Fig. 3B schematically shows the relationship between the change in the concentration of nitrogen oxides in the exhaust gas inside the exhaust pipe in an exhaust gas flow direction and the injection of the exhaust gas treatment liquid into the exhaust pipe by the metering and injection unit during operation of the exhaust gas aftertreatment system of Fig. 3A;

Fig. 3C schematically shows a logic flow diagram of a method for identifying the installation positions of the nitrogen oxide sensors of the exhaust gas aftertreatment system for the diesel engine of Fig. 3A, in accordance with another embodiment of the present invention ;

Fig. 4A schematically shows still another exhaust gas aftertreatment system similar to the exhaust gas aftertreatment system of Fig. 2A, but being provided with only two nitrogen oxide sensors and one metering and injection unit;

Fig. 4B schematically shows the relationship between the change in the concentration of nitrogen oxides in the exhaust gas inside the exhaust pipe in an exhaust gas flow direction and the injection of the exhaust gas treatment liquid into the exhaust pipe by the metering and injection unit during operation of the exhaust gas aftertreatment system of Fig. 4A; and

Fig. 4C schematically shows a logic flow diagram of a method for identifying the installation positions of the nitrogen oxide sensors of the exhaust gas aftertreatment system for the diesel engine of Fig. 4A, in accordance with still another embodiment of the present invention.

Detailed Description of Embodiments

Preferred embodiments of the present invention are described in detail below with reference to examples. It should be understood by those skilled in the art that these exemplary embodiments are not intended to limit the present invention in any way.

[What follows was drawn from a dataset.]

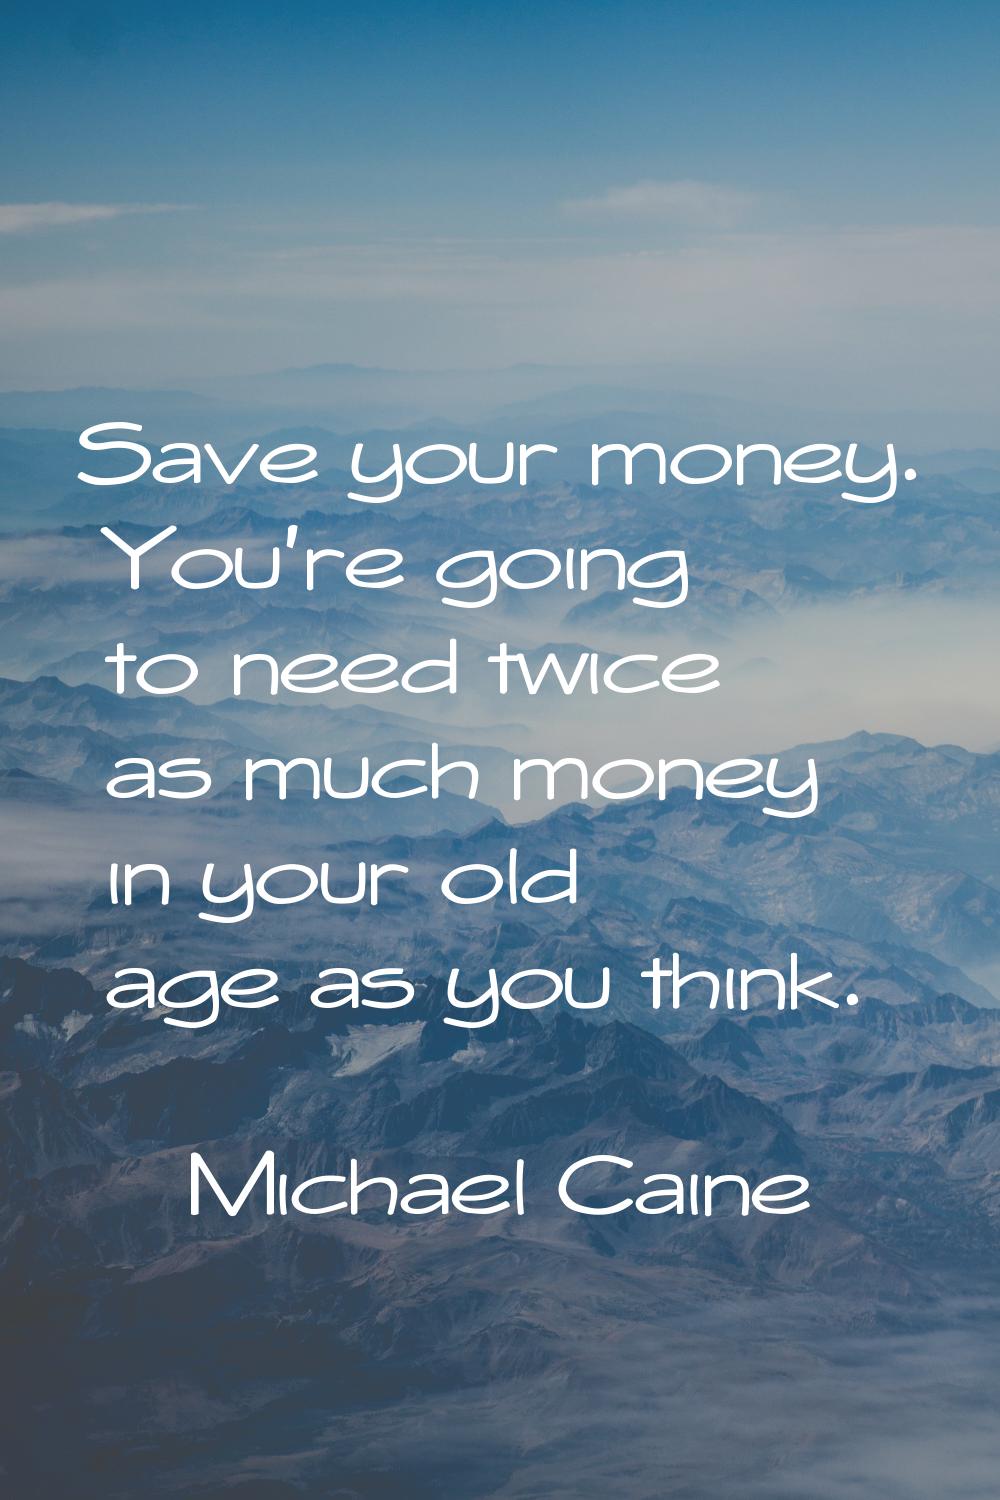 Save your money. You're going to need twice as much money in your old age as you think.
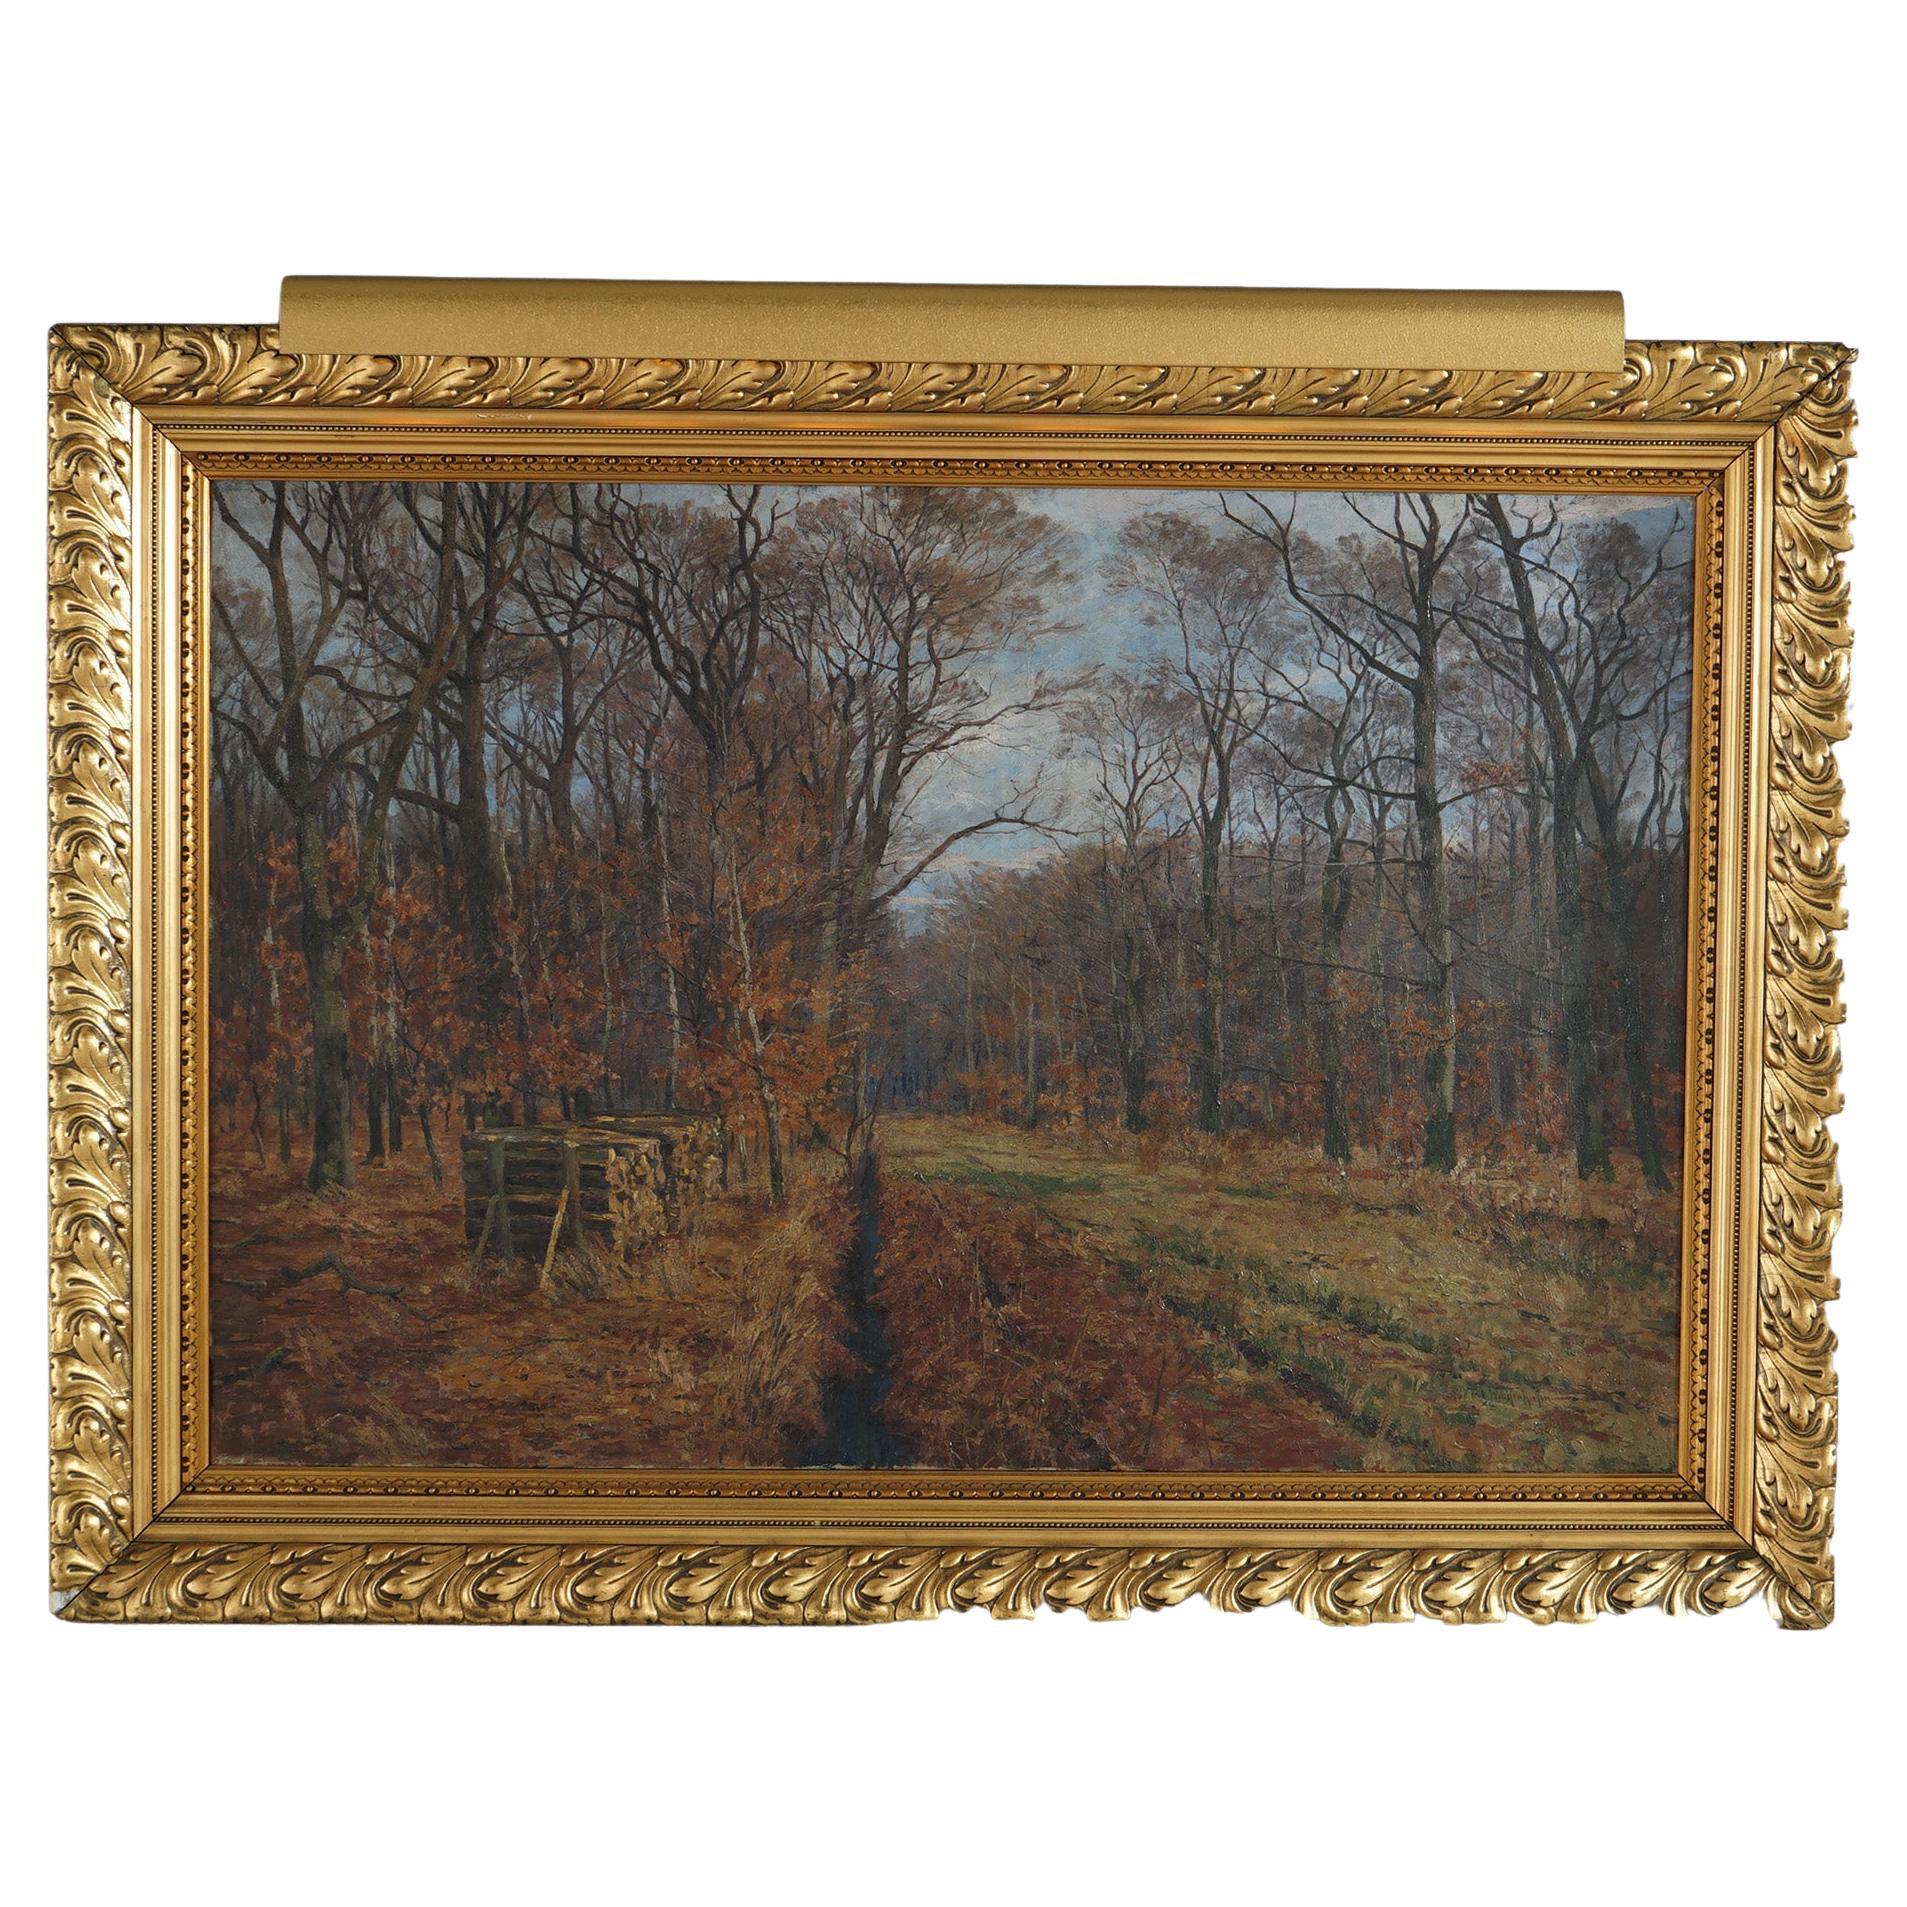 Oversized Antique Impressionistic Landscape Oil on Canvas Painting, Signed C1920 For Sale

Fig. 1 is a schematic view of the working principle of a nitrogen oxide sensor. The nitrogen oxide sensor 1 comprises a nitrogen oxide sensing element 3 and a sensor control unit 5. When the nitrogen oxide sensor 1 is in operation, the nitrogen oxide sensing element 3 detects the concentration of nitrogen oxides in exhaust gas and transmits the detected concentration of nitrogen oxides in the form of an electrical signal to the sensor control unit 5, and the electrical signal is then encoded by the sensor control unit 5 and transmitted to an electronic control unit (ECU) 7 via a CAN bus 9 in the form of a CAN message along with an identification code indicating the installation position of the nitrogen oxide sensor 1 in the exhaust gas aftertreatment system. This identification code is assigned to the nitrogen oxide sensor 1 at the time of manufacture, and corresponds to the installation position of the nitrogen oxide sensor 1 in the exhaust gas aftertreatment system. The electronic control unit 7 receives the CAN message transmitted by the nitrogen oxide sensor 1 and obtains the concentration of nitrogen oxides detected by the nitrogen oxide sensor 1 and the corresponding installation position from the CAN message, whereby the electronic control unit 7 controls the injection of the exhaust gas treatment liquid and determines an input to an on-board diagnostic system (OBD) .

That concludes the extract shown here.